Un viejo y casi tétrico baúl de madera de color indefinido escolta el costado derecho de la puerta que da acceso al averno. A la izquierda, una mesa vieja y pequeña contempla asombrada las llamaradas que lanza la silla que la complementa. Llamaradas de tela y madera que son lo más parecido a lo ya vivido de cuanto objeto se ubica en la estancia.
Su fachada, de viejo ladrillo ennegrecido, simula estar viva haciéndose rodear de cornamentas que en su día fueron trofeos de caza, de retratos entrañables y de copas de vidrio que brindaron por algún suceso feliz.
La sala, siempre en penumbra, es lugar de paso para las almas que van hacinándose alrededor de la puerta metálica esperando su turno para adentrarse definitivamente en él, que con las lenguas vengativas de su fuego acaba con los últimos vestigios de vida que aún quedan.

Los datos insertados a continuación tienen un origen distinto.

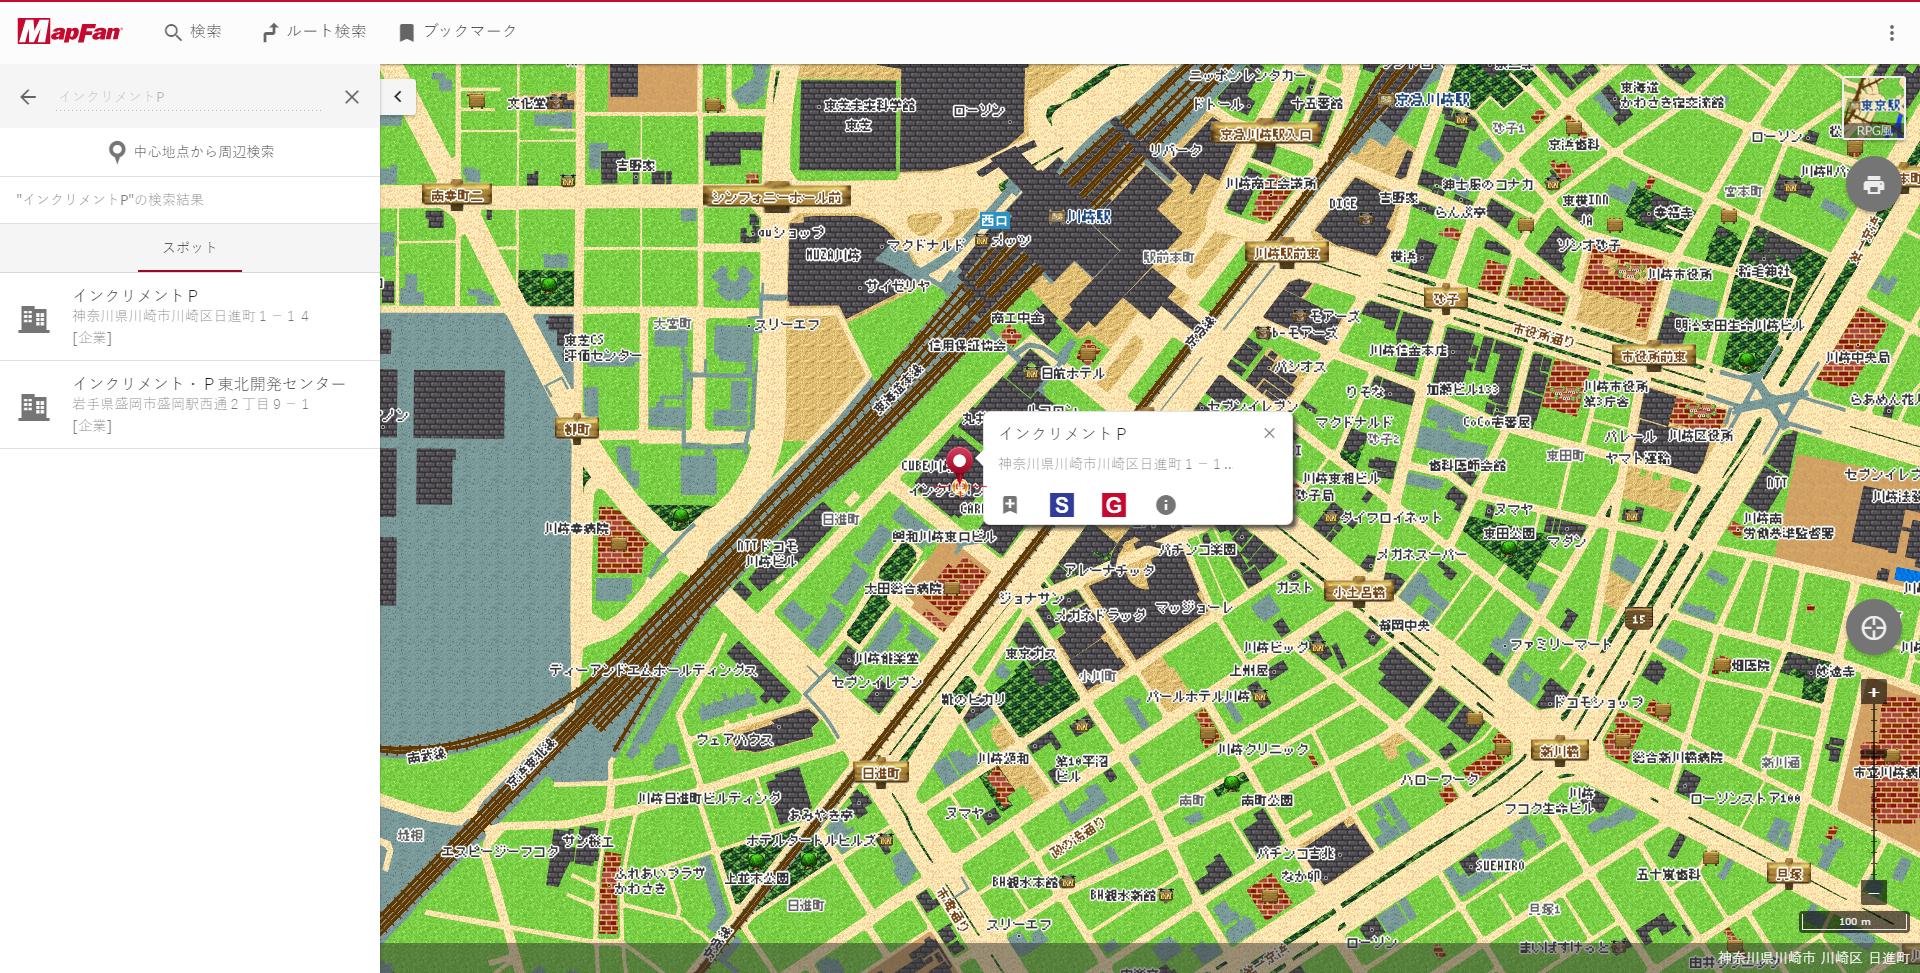 RPG風。「MapFan Web」がRPG風のの地図デザインになるというネタは、すでに昨年の4月1日に使用済みだったはず、と思われるかもしれないが……

En esa antesala todavía queda sitio para el amor, para el sufrimiento y para la soledad, para la euforia y los besos empapados. Ahí moramos nosotros, dos cuerpos, dos corazones, dos almas que, a fuerza de sentir los gritos lastimeros y de oler el tufo a carne y sangre quemadas, no solo hemos dejado de temer el momento de abrasarnos en lo más acogedor de esas ascuas, sino que incluso hemos sido capaces de llegar a disfrutar morbosamente de nuestro perenne equilibrio sobre tan mortífero filo de navaja.
Y mientras esperamos el momento del arrastre, intentamos hacer faena, y las salivas salpican hasta el suelo, los ojos brillan hasta cegarse, las voces se entrecortan, las manos se antojan pequeñas, las pieles arañan de puro suaves y las lenguas, desde su fracasado intento de ser válvulas de surtidores, se enredan en un indescifrable nudo que las hace alcanzar tal grado de locura que no contemplan la extenuación.
Entonces es cuando hablamos
solo un poco
hablamos:
-Algún día tendremos que entrar.
-Lo sé.
-¿Quieres que lo hagamos ahora?.
-No tengo prisa.
-Yo tampoco.
Y el fúnebre desfile continúa monótono ante nuestros mojados y divertidos rostros.